In the global large model leaderboard collected by DataLearnerAI, ranked by MMLU, the Llama3.3-70B-Instruct model ranks ninth, surpassing Amazon Nova Pro, slightly lower than the Qwen2.5-72B model, but in terms of mathematical logic, its score is 77 points, far exceeding the same type of model, and also much higher than the Qwen2.5-72B model.
The relationship between Llama3.3 and other Llama3 series models
Here is a brief introduction to the model release versions and rhythms of the Llama3 series. Then everyone can understand the position and goal of Llama3.3-70B-Instruct in the Llama series.
Currently, the Llama3 series includes 4 different versions, namely the Llama3 series released in April 2024, the Llama3.1 series released in July 2024, the Llama3.2 series released in September 2024, and this 3.3 series released in early December 2024.
However, in fact, Llama3 and Llama3.1 can be regarded as a relatively normal major version rhythm, because both of these series include multiple different version models with a minimum of 8 billion parameters, a maximum of 70 billion, and a parameter scale of 405 billion.
And the Llama3.2 series actually only released small-scale pure-text language models of 1B and 3B, as well as multi-modal versions of 11B and 90B, basically regarded as a supplement to Llama3.1.

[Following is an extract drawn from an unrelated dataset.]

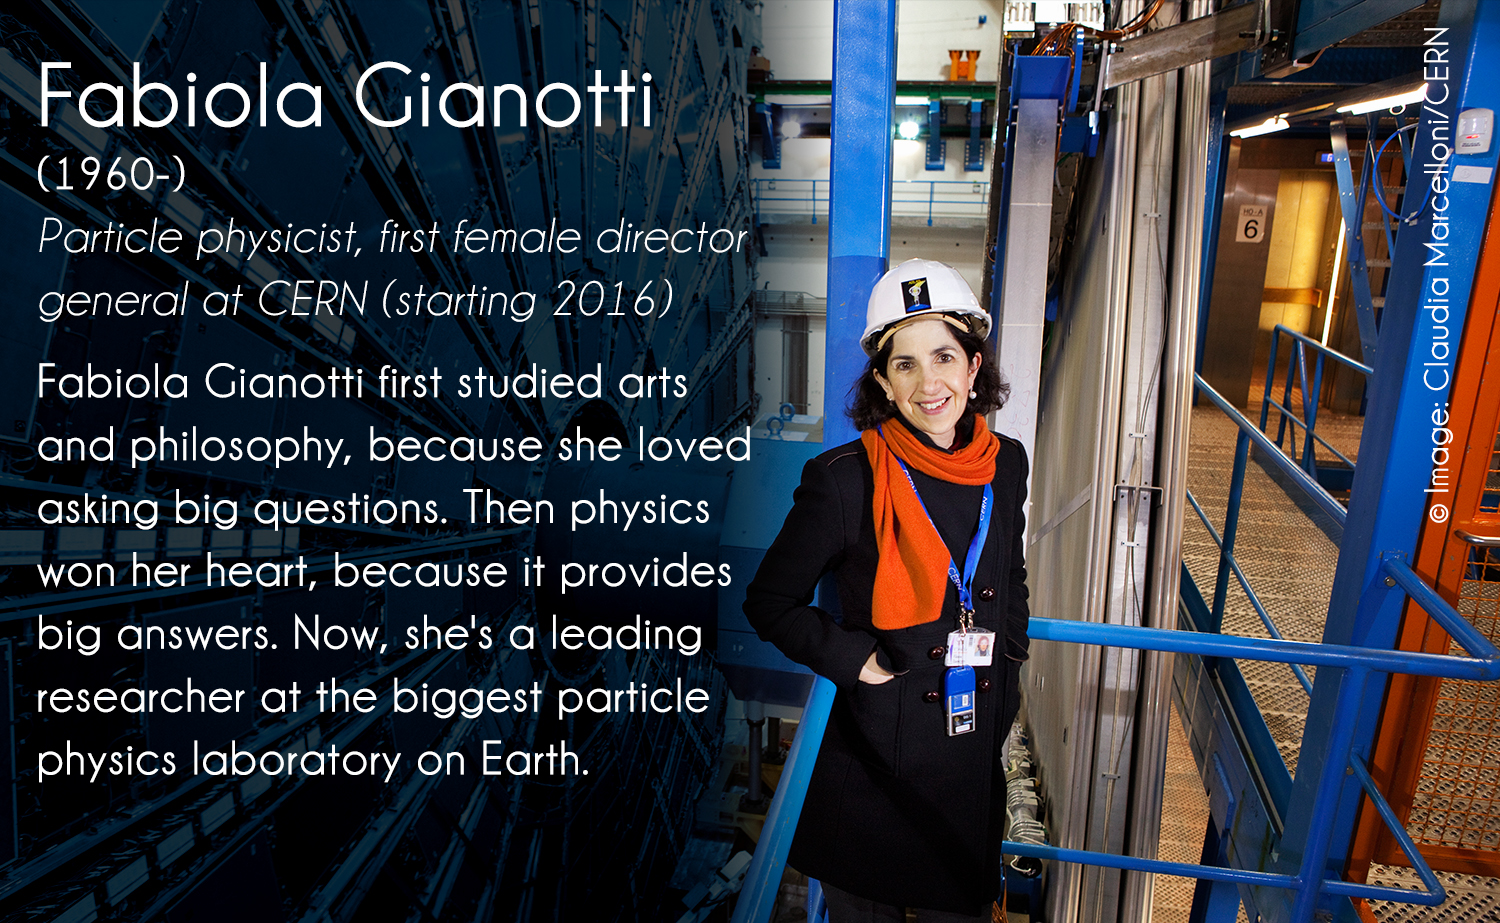 Fabiola Gianotti first studied Art and Philosophy, because she loved asking big questions. Then physics won her heart, because it provides big answers. Now, she's a leading researcher at the biggest particle physics laboratory on Earth.

The officially released Llama3.3-70B-Instruct is also introduced as an iteration of post-training technology, which means that its base model may still be Llama3.1-70B, but obtained through different post-training or instruction fine-tuning technology iterations.

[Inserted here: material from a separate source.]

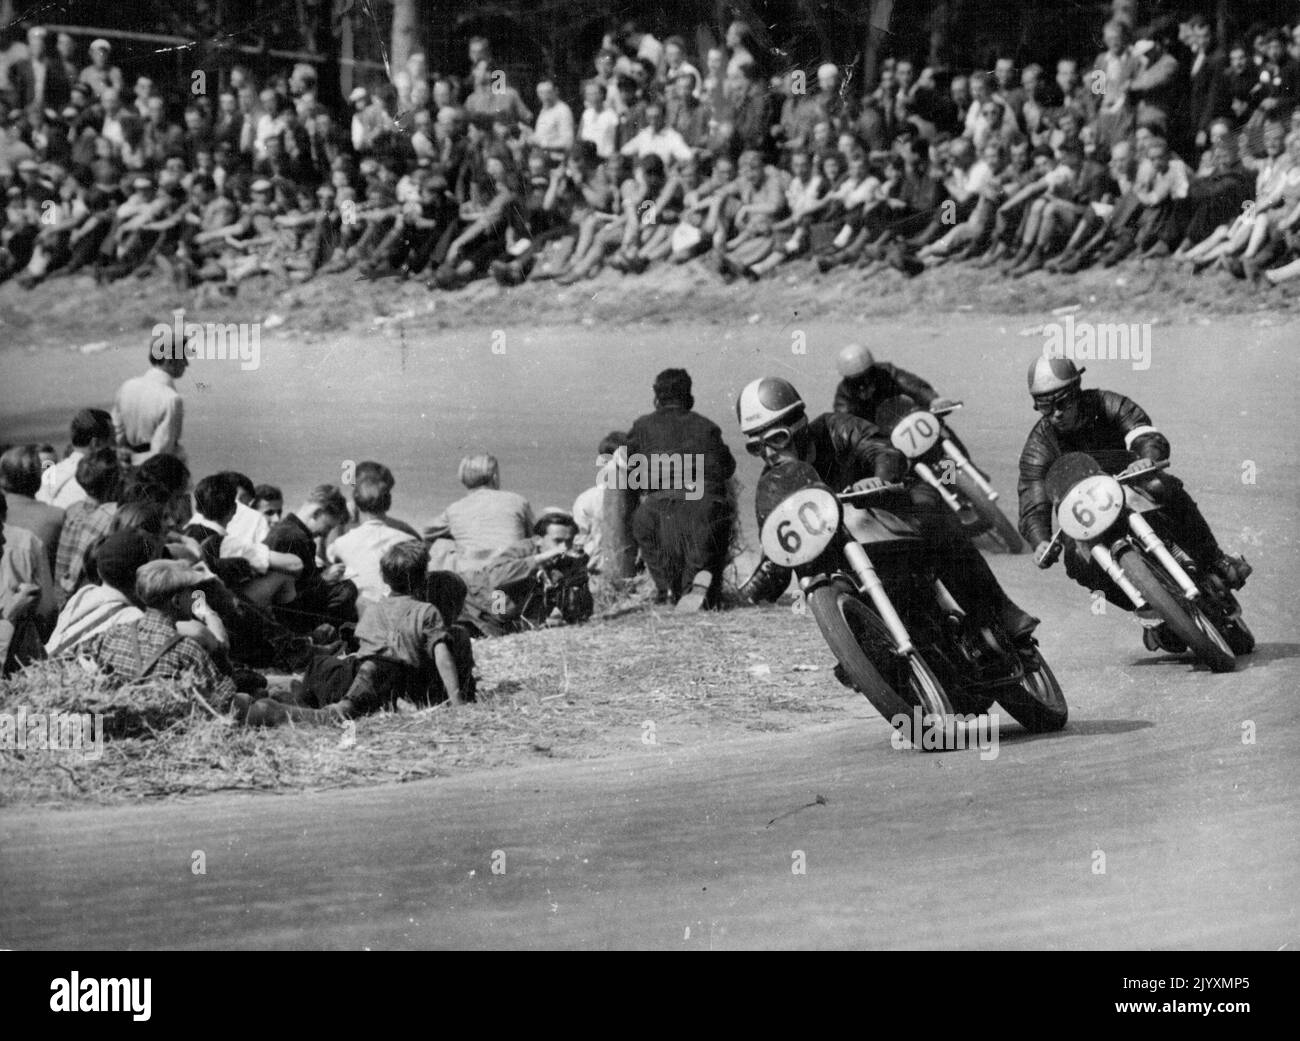 Duke wins in Germany - In the 350 cc event Geoffrey Duke (60) leads Johnny Lockett (65), of Britain who was second, and Ken Kavanagh of Australia (70) who was third. All are driving British Norton machines. British Geoffrey Duke set two new track records at the ***** race course near Stuttgart, August 26, when he won both the major events of the German motor-cycle Grand Prix. He won the 500 cc event at an average of 136 kmph (about 84.5 mph) and the 350 cc event at 130.6 kmph (about 81 mph). September 8, 1951. Stock Photo

Training cost and open-source situation of Llama3.3-70B-Instruct
The information announced by Meta shows that the training of the Llama3.3-70B-Instruct model cost 7 million GPU hours. It is mainly trained on H100-80G, and according to the price of AWS, this cost is about 4.3 million US dollars!
To be honest, this is not something that ordinary people can afford. But the good news is that Llama3.3-70B-Instruct is open-source and supports free commercial use.